GFOA members urge issuers to disclose coronavirus impacts

Members of the Government Finance Officers Association are encouraging municipalities to disclose to investors financial woes caused by the coronavirus pandemic, noting it could help them when they go to market.

During a Thursday GFOA webinar to discuss disclosure during the COVID-19 pandemic, David Erdman, Wisconsin’s public finance director, said the pandemic could be issuers’ moment to demonstrate good disclosure. GFOA's annual conference was planned to be in New Orleans this year, but was done virtually due to the pandemic.

“The Securities and Exchange Commission has been pretty consistent over the last few years about talking about the quality of municipal disclosure, timely municipal disclosure,” Erdman said.

“How issuers handle providing some disclosure about COVID-19 will go a long way to show the SEC that the issuer and the municipal finance community can provide good financial disclosure,” Erdman added.

The SEC has frequently called on issuers to provide more timely information, even if not strictly required to do so under their continuing disclosure agreements. The SEC has no explicit authority to mandate the content of disclosure by municipal issuers.
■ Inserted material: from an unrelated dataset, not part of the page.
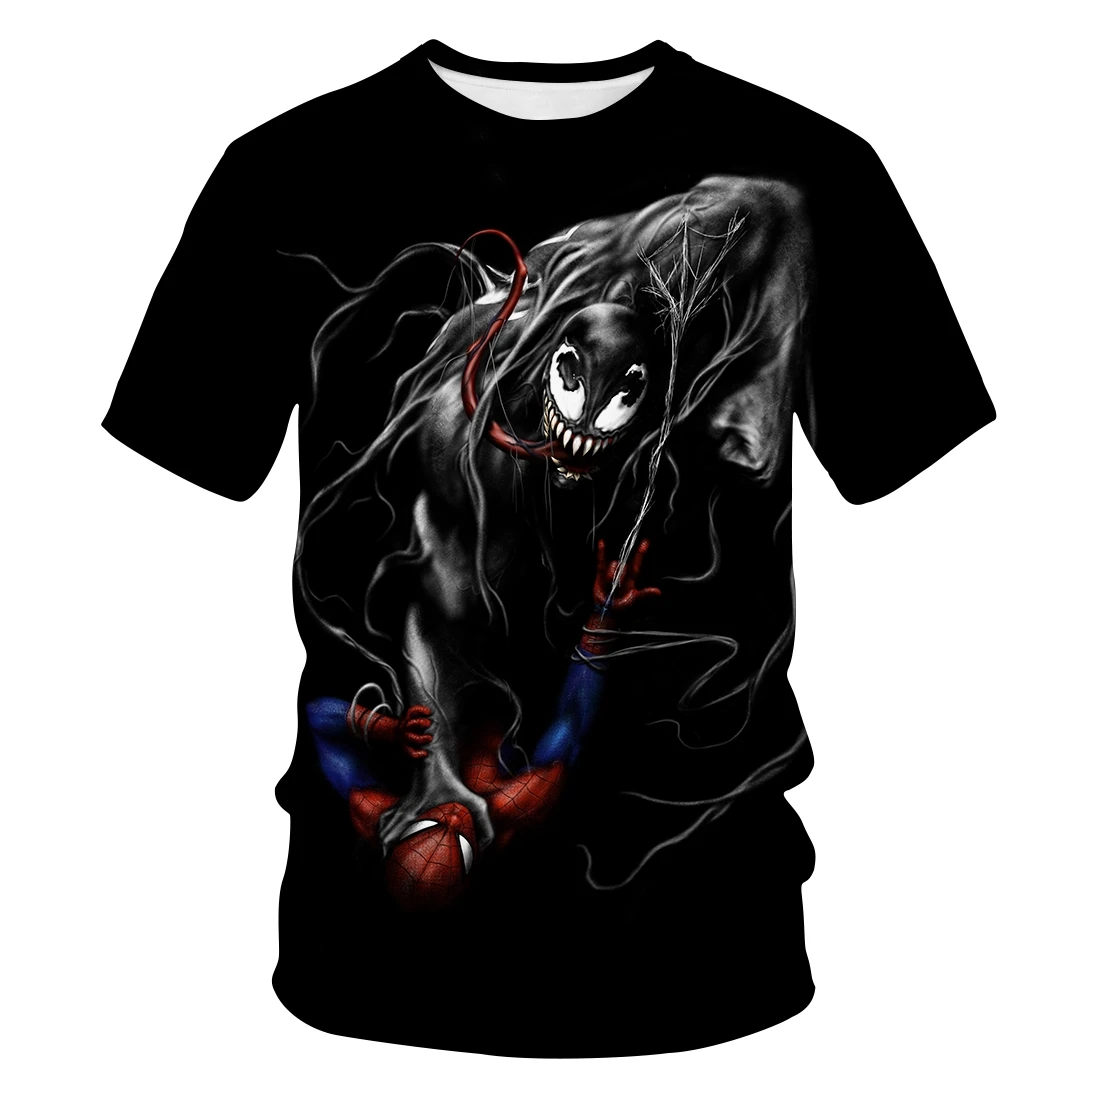 Venom vs Spider-Man tshirt Marvel fashion casual short-sleeved shirt Men/women fashion trend youth cool T-shirt Men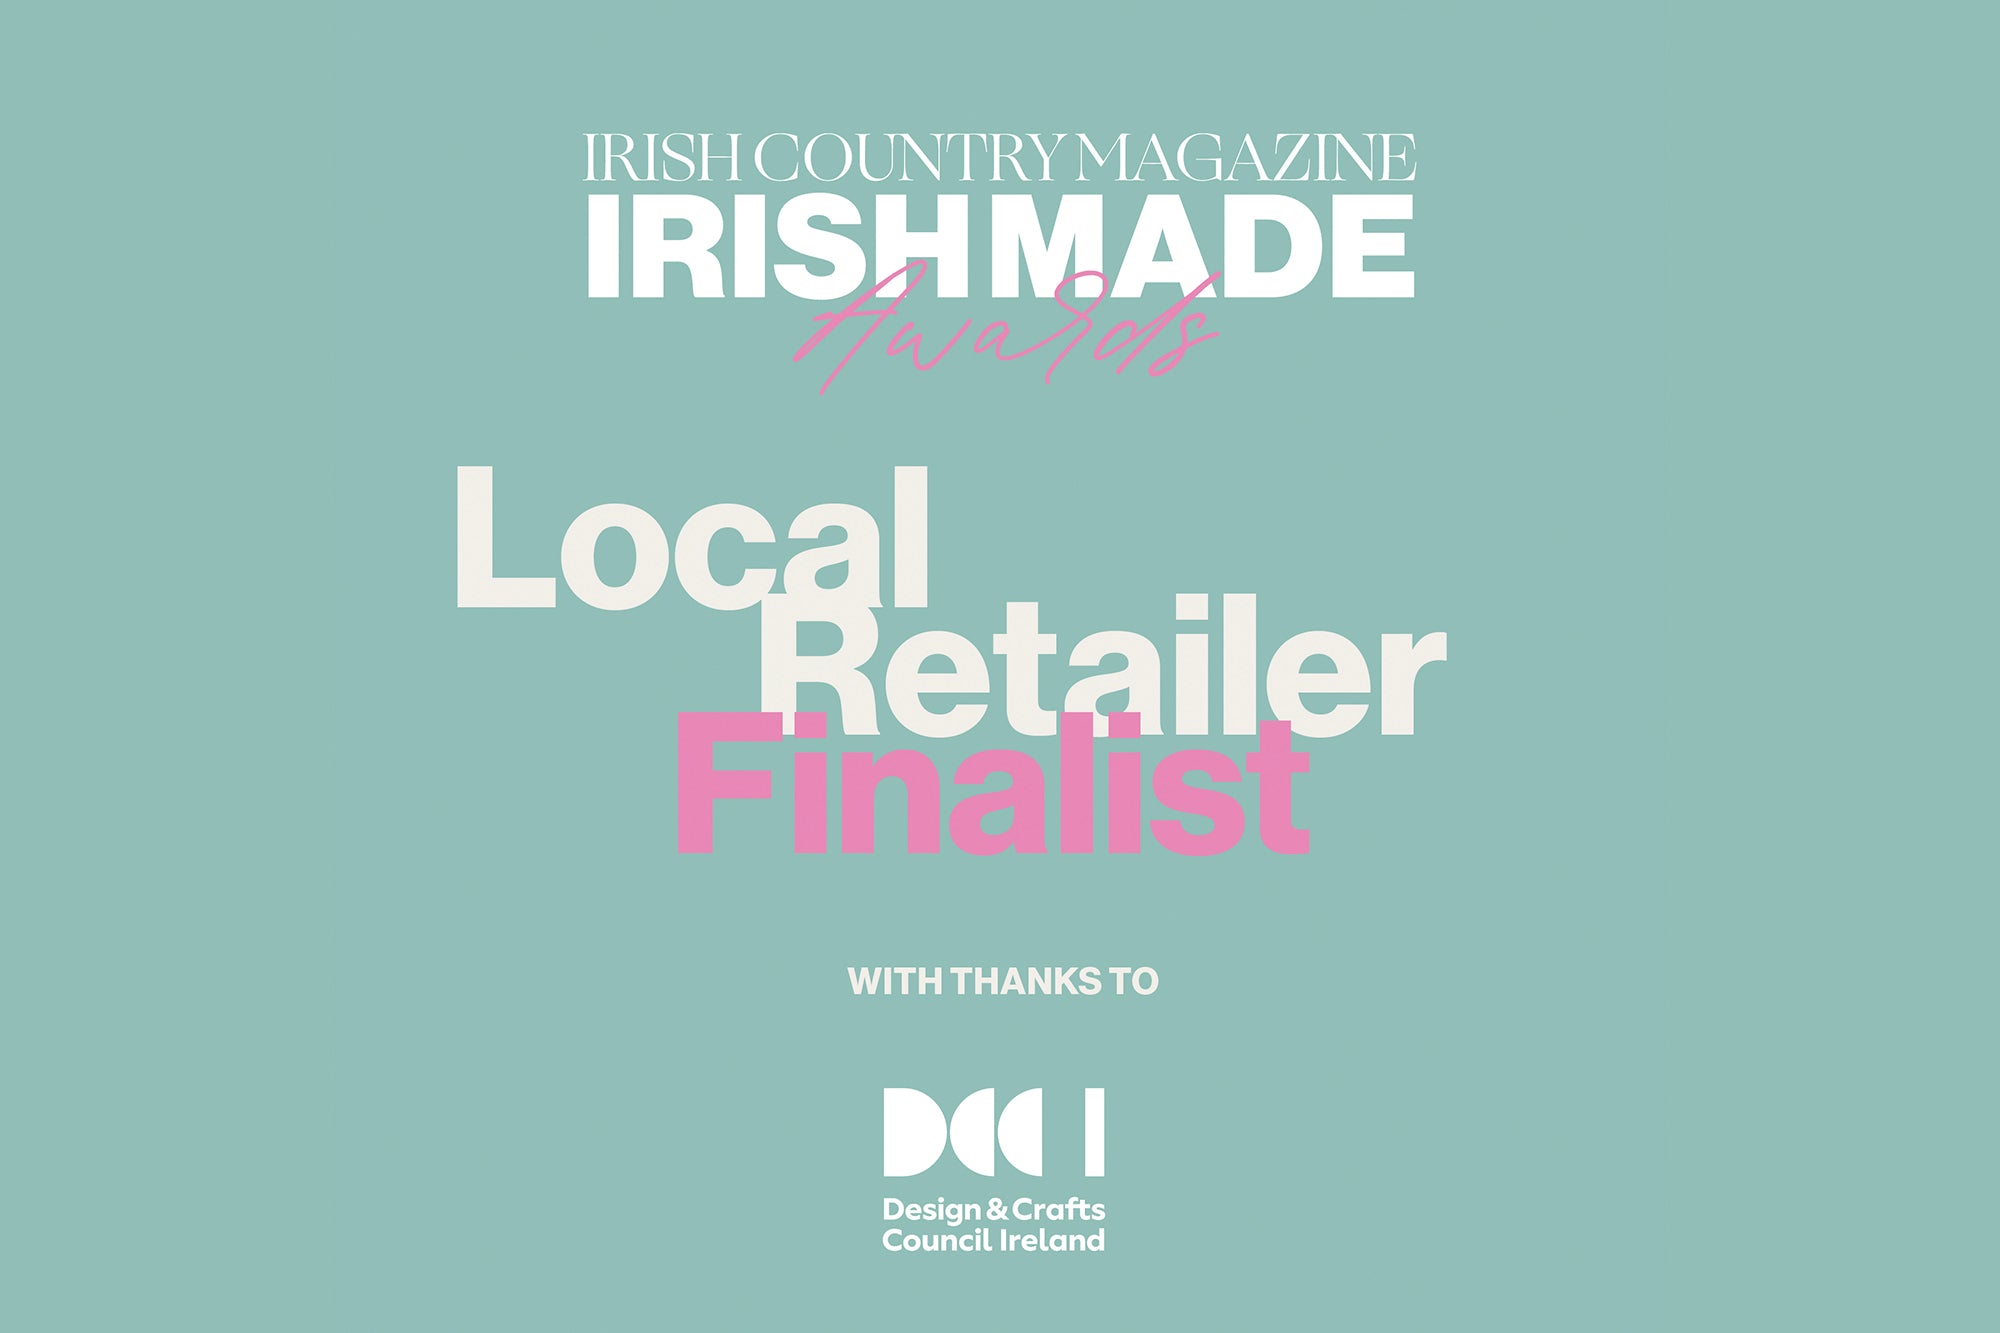 Vote for us in The Irish Country Magazine Irish Made Awards 2023!

GFOA’s disclosure working group is set to release a two-page document soon to address good disclosure practices during the pandemic. That group composed of industry professionals was created in July.

Since the beginning of the pandemic, COVID-19-related disclosures have steadily increased week over week to a total of over 7,000 filings, though it is still a relatively small percentage overall of all issuers filing continuing disclosure documents.

Current disclosure practices just don’t keep pace with disclosures needed during the pandemic, Erdman said.

Communication with investors could mean a lower cost of capital, said David Erdman, Wisconsin’s public finance director.

“The required disclosures that we’re required to make just don’t keep up with the materiality of what’s happening in today’s world — COVID-19 definitely shows that,” Erdman said. “Also voluntary disclosure is a good way to look at disclosure as a new way of how disclosure can be provided to the investor community. Historical information is good, but obviously what we’ve seen with COVID-19, historical information is not as important or relevant as current information that’s available.”

The Securities and Exchange Commission released a statement in early May detailing the kinds of COVID-19-related disclosures municipalities should be making, which has encouraged more filings.

GFOA panelists also discussed a separate document released by the SEC this past year. In February, SEC staff released a bulletin that was meant to clarify the SEC’s stance on how anti-fraud laws apply to issuers’ public disclosure documents.

Leslie Norwood, the Securities Industry and Financial Markets Association’s head of municipals said the bulletin drove home SEC’s thinking on voluntary disclosures.

The SEC was concerned that there would be a paralysis of disclosure, said Dan Deaton, partner at Nixon Peabody.

“I think that the SEC is very concerned that there will be a paralysis of disclosure," Deaton said. "The uncertainty that is gripping the nation with respect to this unprecedented event may cause a paralysis of disclosure and will keep information from investors making trading decisions and also will not allow the market as a whole to absorb the changes in valuations in bonds that are happening as a result of the impact of COVID-19.”

Voluntary disclosure during the pandemic can be helpful to issuers overall, panelists said on Thursday. Investors would prefer communication with issuers rather than radio silence, panelists said.

“Communication with investors is a great way in order to promote lower cost of capital,” Erdman said. “It may take a little bit of effort in order to do some voluntary disclosure right now, and you may say I don’t have time. But taking those extra steps now to have that communication, do that voluntary disclosure, could mean a better interest rate with future borrowing.”

At the end of the day, it’s up to the issuer to decide when and how to disclose. Disclosure counsel and municipal advisors can be conservative or flexible when it comes to disclosing information, said Giedre Ball, debt manager at the Metropolitan Washington Airports Authority.

“You as an issuer, in the end, after weighing their advice, decide what to disclose,” Ball said. “You are the ones managing investor relations, transparency levels and your reputation.”